What This Guide Covers
- Setting up Devise, Devise-JWT, and OmniAuth for Twitter
- API-side code for client authentication
- Client-side code for initiating auth and storing JWT tokens
Backend Setup: Rails API
Libraries Required
gem "rack-cors"
gem "devise"
gem "devise-jwt", "~> 0.6.0"
gem "omniauth"
gem "omniauth-twitter"
gem "omniauth-google-oauth2"
Configure devise.rb
config.omniauth :twitter, Rails.application.credentials.dig(:twitter, :api_key),
Rails.application.credentials.dig(:twitter, :api_secret)

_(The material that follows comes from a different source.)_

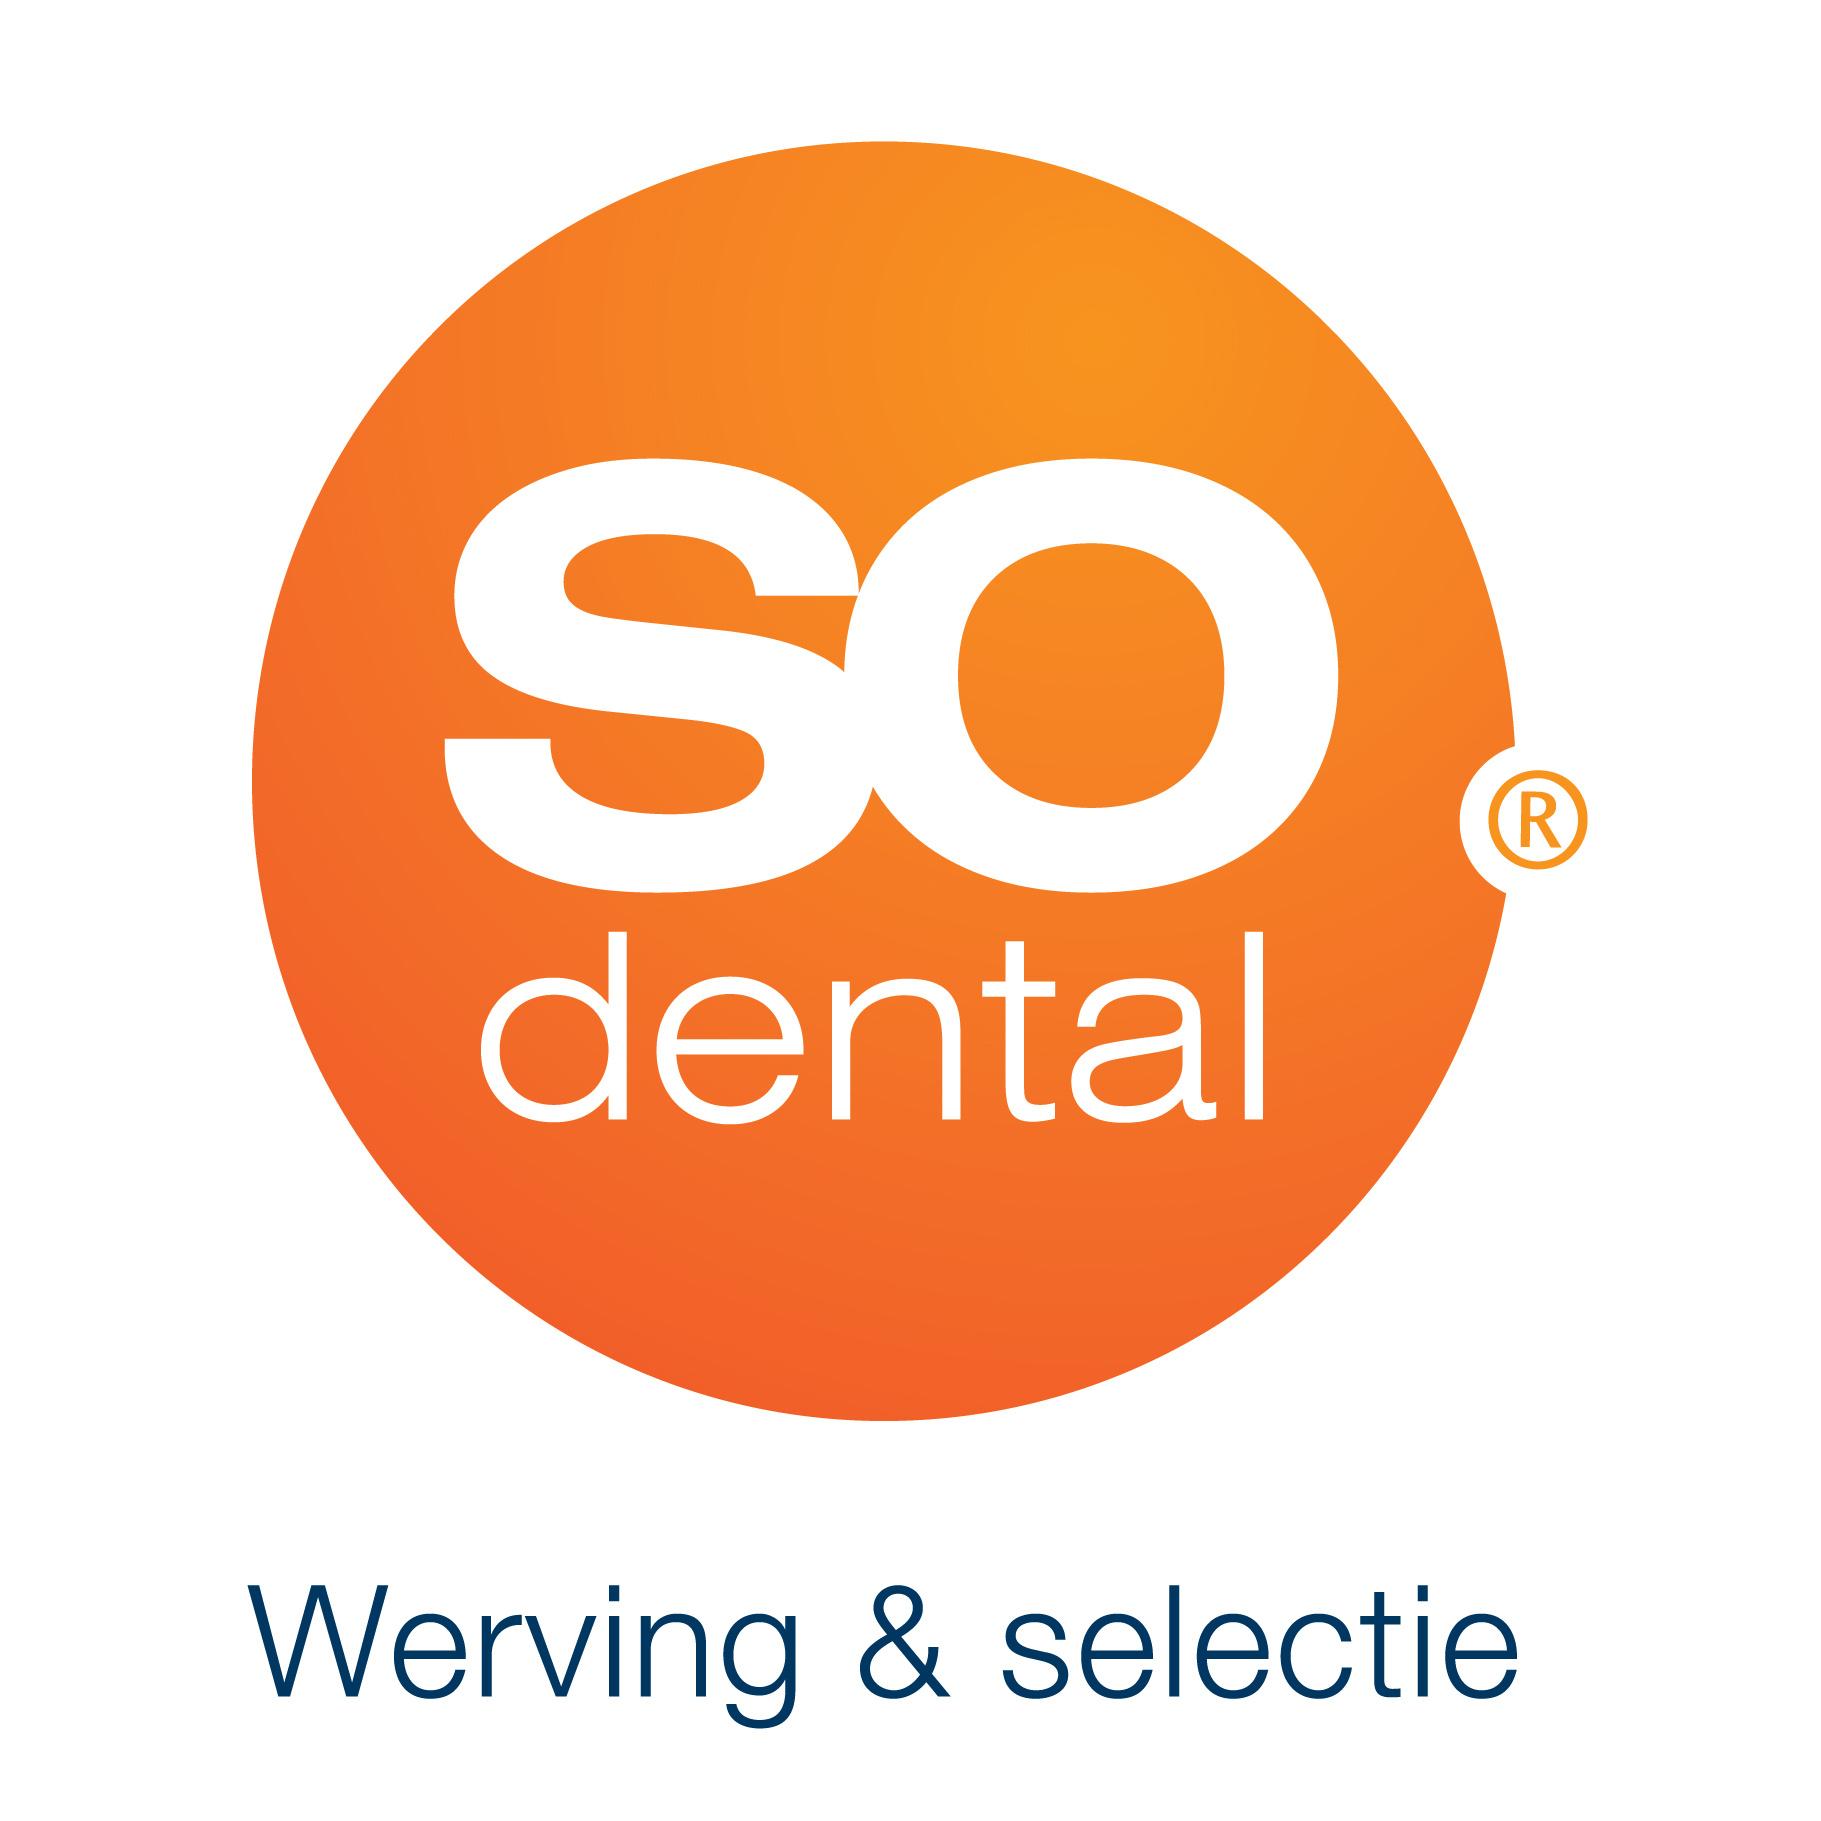 SOdental Vacature: Waarnemend tandartsassistent | Locatie Leiden

config.omniauth :google_oauth2, Rails.application.credentials.dig(:google, :api_key),
Rails.application.credentials.dig(:google, :api_secret)
config.jwt do |jwt|
jwt.secret = Rails.application.credentials.dig(:jwt_key)
jwt.dispatch_requests = [
["POST", %r{^/login$}],
["GET", %r{^/auth/twitter/callback$}],
["GET", %r{^/auth/google_oauth2/callback$}]
]
jwt.revocation_requests = [
["DELETE", %r{^/logout$}]
]
jwt.expiration_time = 2.weeks.to_i
end
Update User Model
devise :database_authenticatable, :registerable,
:recoverable, :rememberable, :validatable,
:trackable, :omniauthable,
:jwt_authenticatable, jwt_revocation_strategy: self,
omniauth_providers: %i[twitter google_oauth2]
OmniAuth Callbacks Controller
class OmniauthCallbacksController < Devise::OmniauthCallbacksController
def passthru
end
def twitter
resource = User.from_omniauth(request.env["omniauth.auth"],
request.env["omniauth.params"].dig("user_id"))

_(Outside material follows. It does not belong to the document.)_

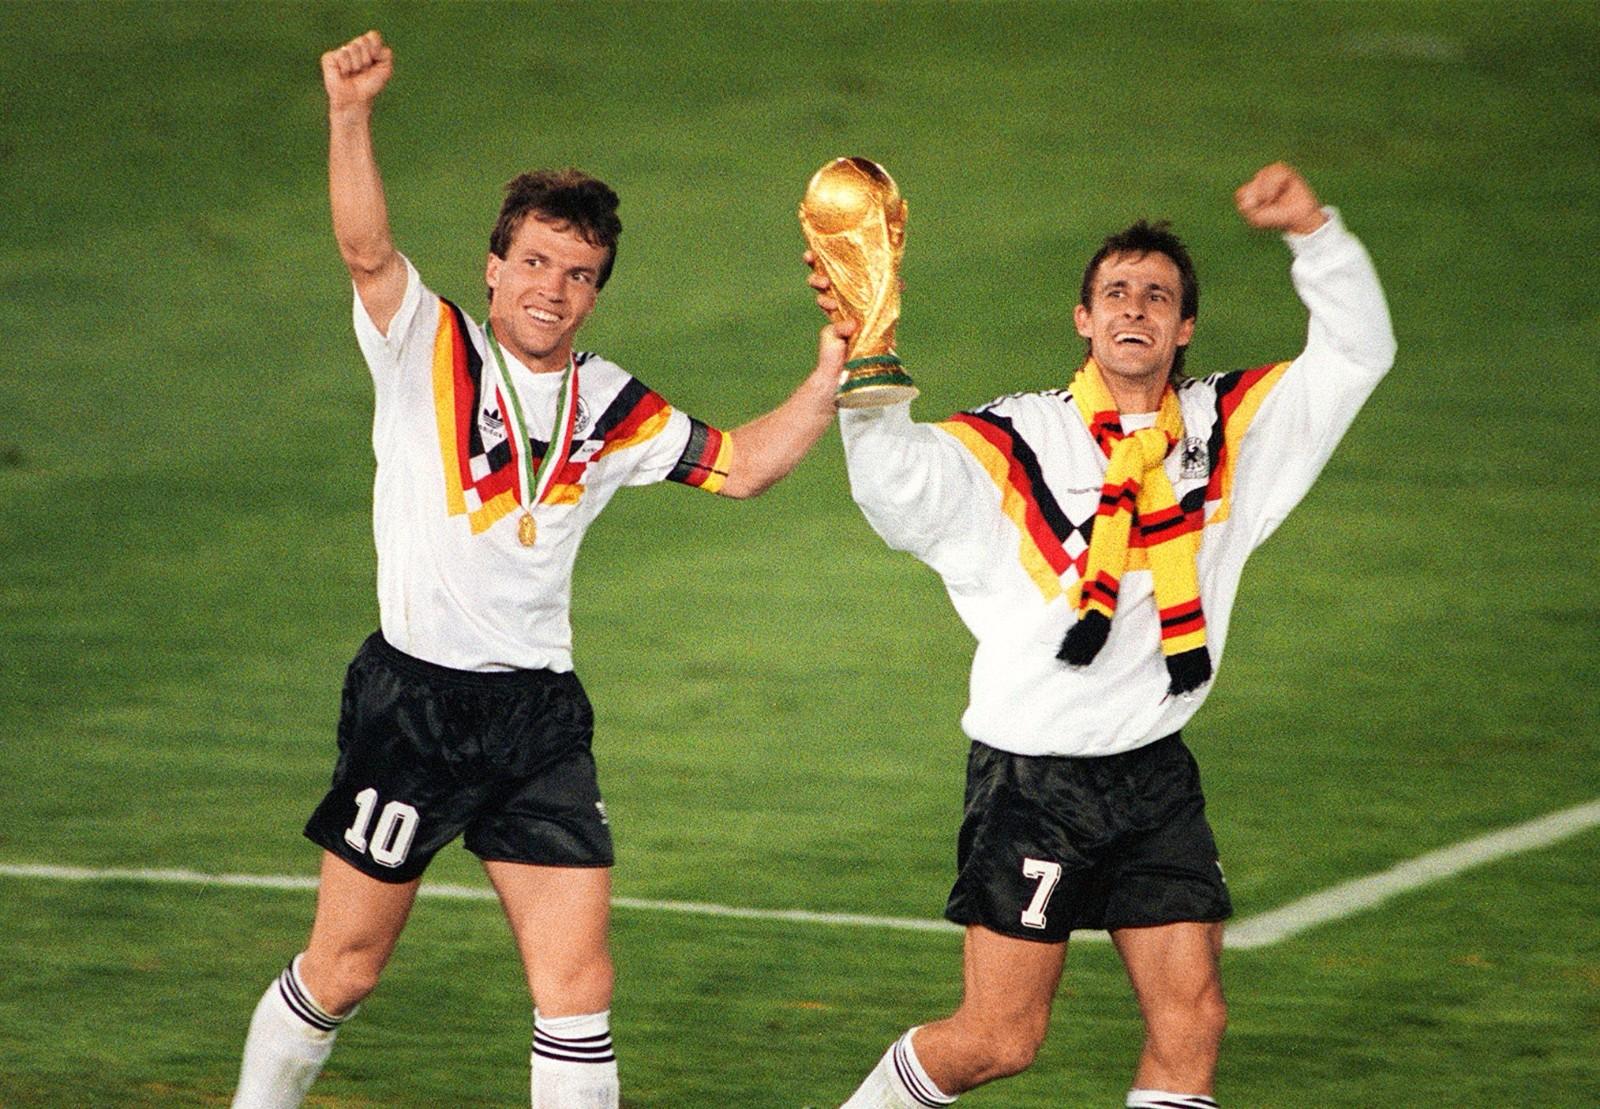 1990年世界杯,由贝肯鲍尔带领的西德铁军,队内云集马特乌斯、克林斯曼、布雷默等实力球员,他们在1982、1986连续两次获得亚军后终于在1990年如愿以偿。\\\\r\\\\n图为1990年7月8日,连续三次参加世界杯的西德球员马特乌斯(左)与利特巴尔斯基在夺得冠军后庆祝。

sign_in(resource_name, resource)
redirect_to "#{redirect_url}/auth?jwt=#{request.env["warden-jwt_auth.token"]}"
end
def google_oauth2
resource = User.from_omniauth(request.env["omniauth.auth"],
request.env["omniauth.params"].dig("user_id"))
sign_in(resource_name, resource)
redirect_to "#{redirect_url}/auth?jwt=#{request.env["warden-jwt_auth.token"]}"
end
private
def redirect_url
request.env["omniauth.params"].dig("source_url") || (
Rails.env.production? ? "https://YOUR_WEBSITE_HERE.com" : "http://localhost:8000")
end
end
Routes
devise_for :users,
path: "",
path_names: {
sign_in: "login",
sign_out: "logout",
registration: "signup"
},
controllers: {
sessions: "sessions",
registrations: "registrations",
omniauth_callbacks: "omniauth_callbacks"
}
Configure Session Middleware
Add to application.rb:
config.session_store :cookie_store, key: "_shepherd_session"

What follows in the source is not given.